U Sports men's soccer championship
- Sport: Association football
- Founded: 1972; 54 years ago
- First season: 1972
- Organizing body: U Sports
- No. of teams: 8
- Country: Canada
- Most recent champion: York (6th title) (2025)
- Most titles: UBC (14 titles)
- Streaming partners: CBC Sports CBC Gem
- Related competitions: U Sports women's soccer championship
- Website: usports.ca/championship

= U Sports men's soccer championship =

Canadian university soccer tournament

The U Sports Men's Soccer Championship is a Canadian university soccer tournament conducted by U Sports to determine the men's national champion.

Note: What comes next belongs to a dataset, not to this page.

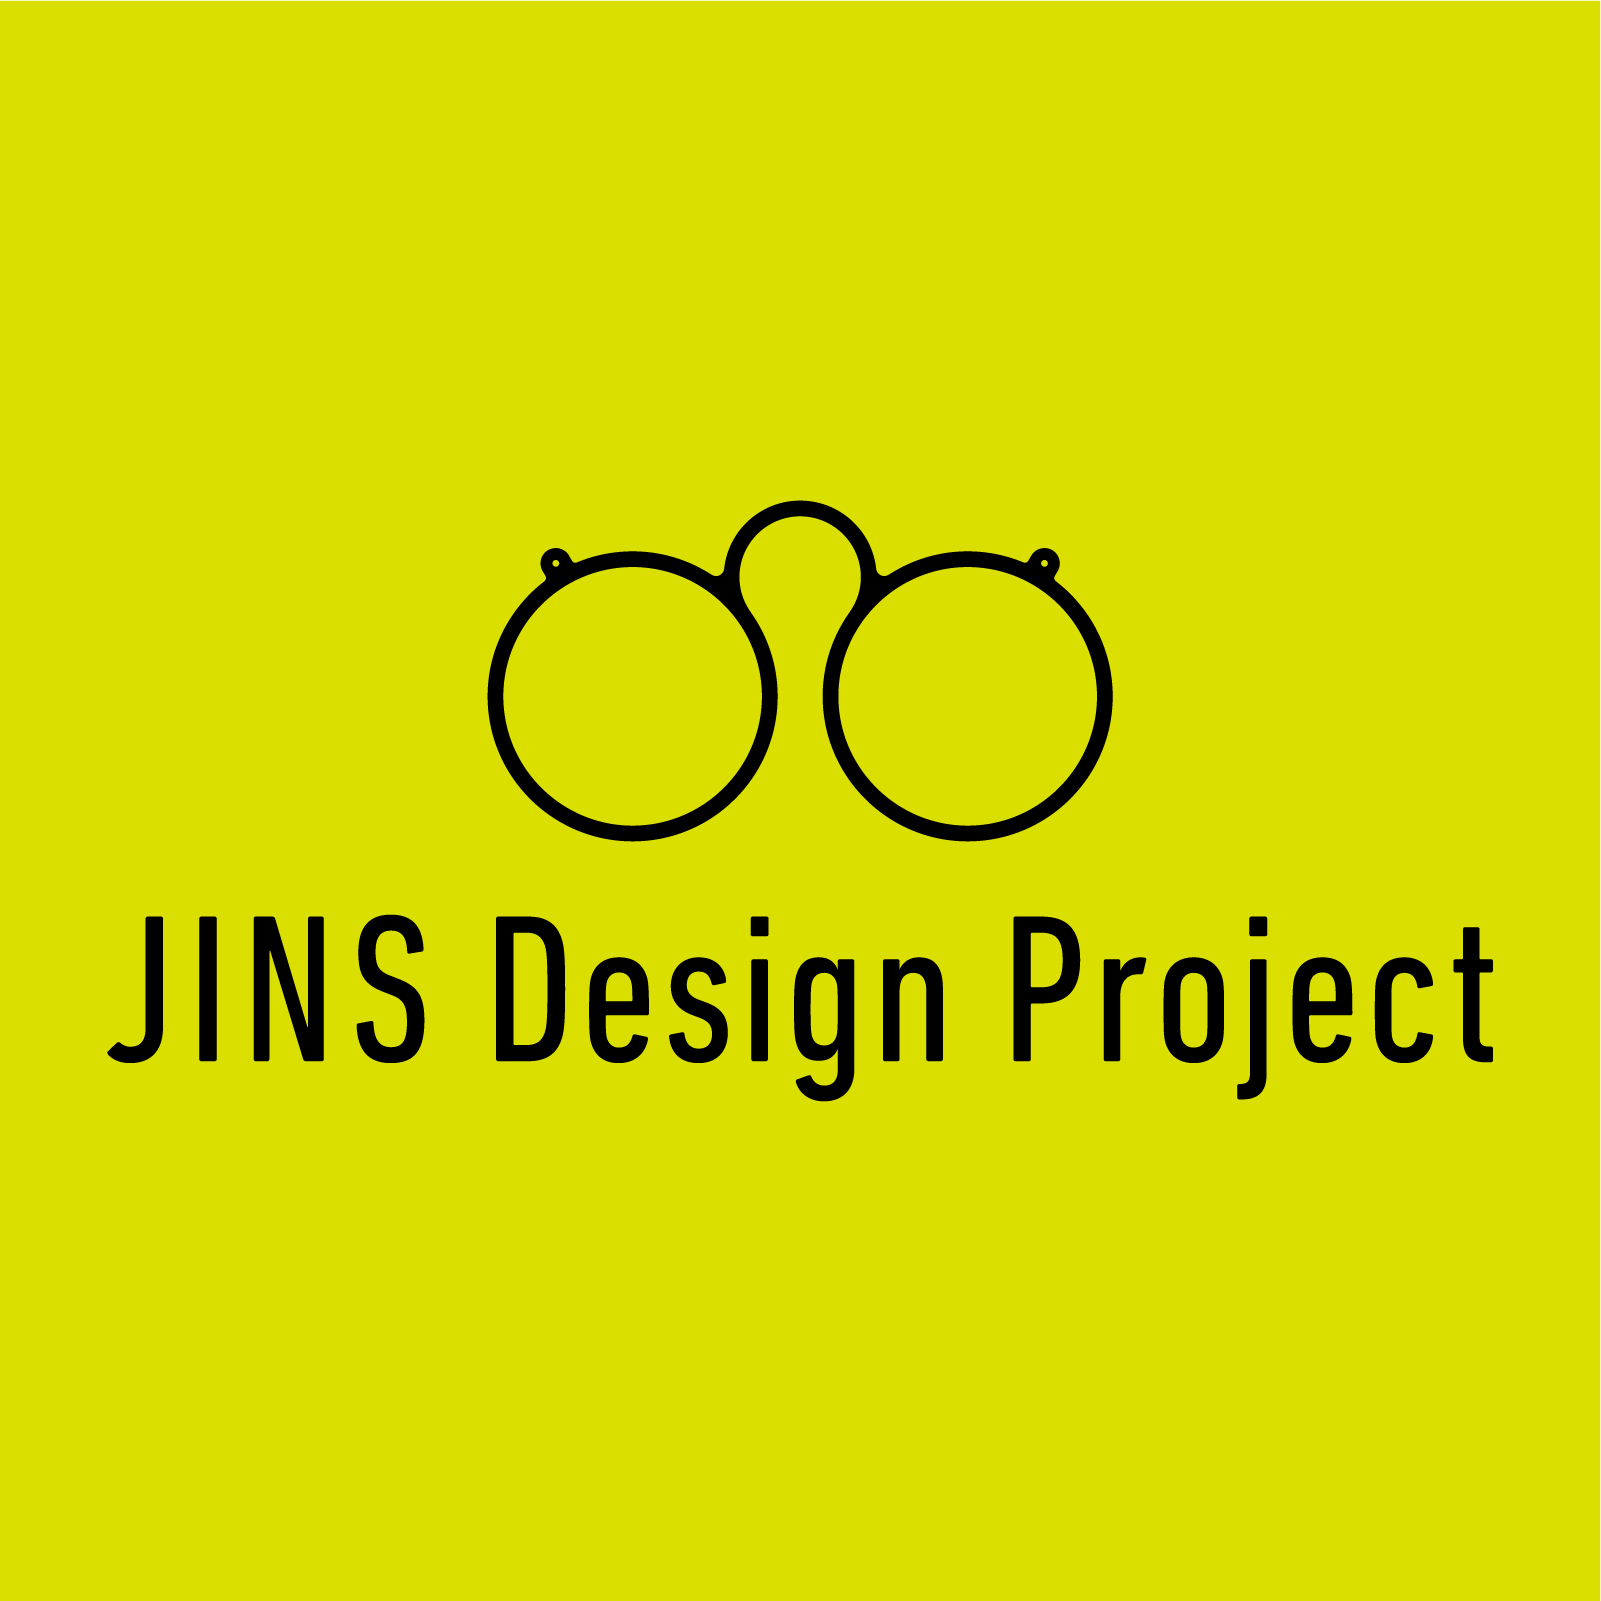 JINS Design Project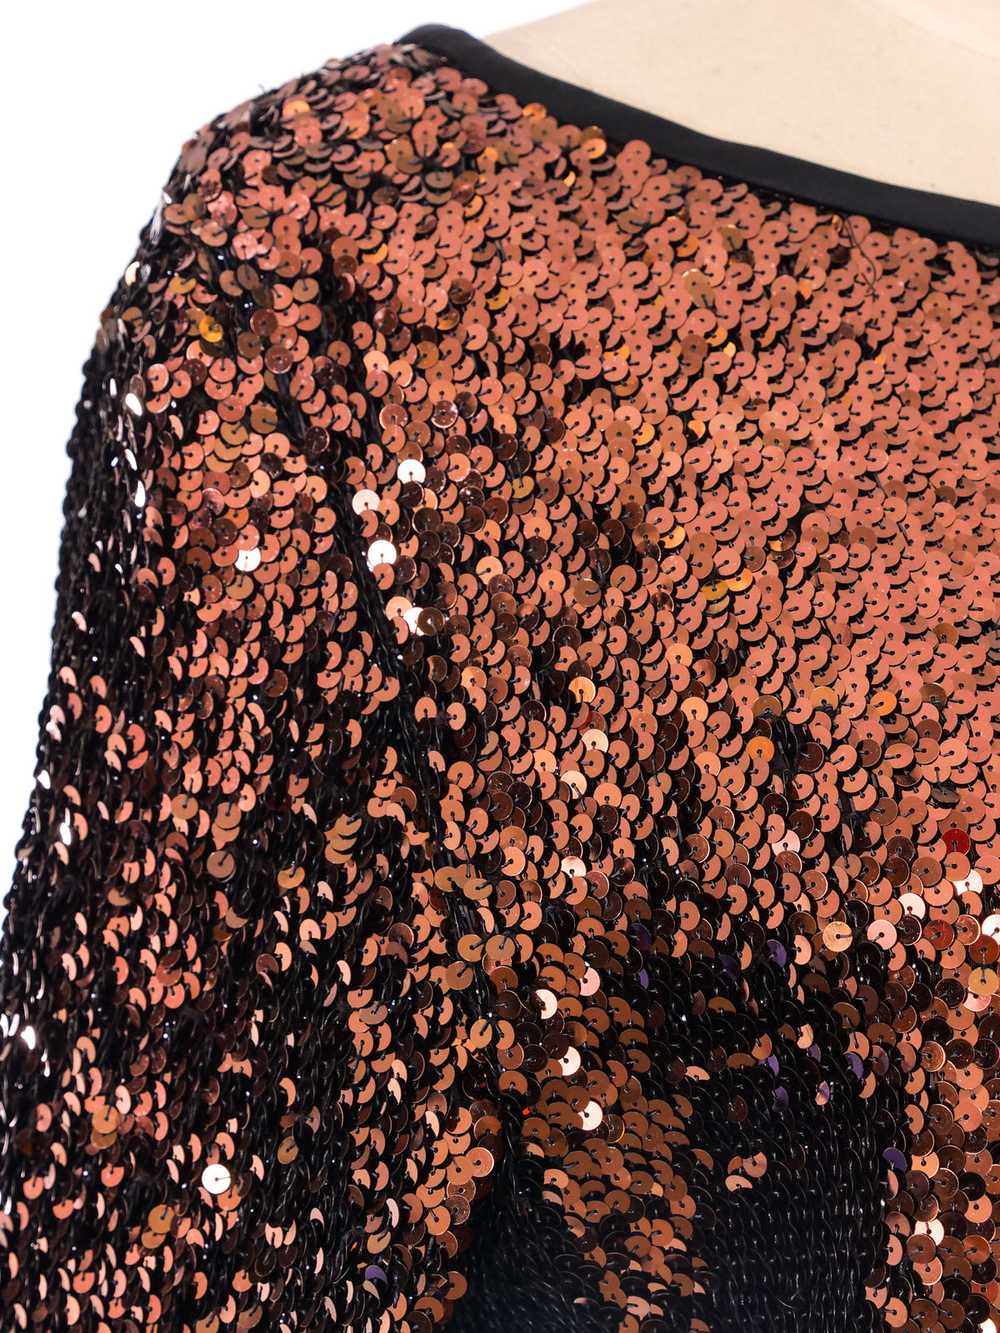 Yves Saint Laurent Copper Sequin Top - image 2

The tournament involves the champions from each of Canada's four regional sports conferences. The Sam Davidson Memorial Trophy is awarded to the winners.

York is the reigning champion and won for the sixth time in 2025 to become the second-most successful program behind UBC, who have 14 national championships. Alberta and Victoria are the next most successful programs, having won five championships each.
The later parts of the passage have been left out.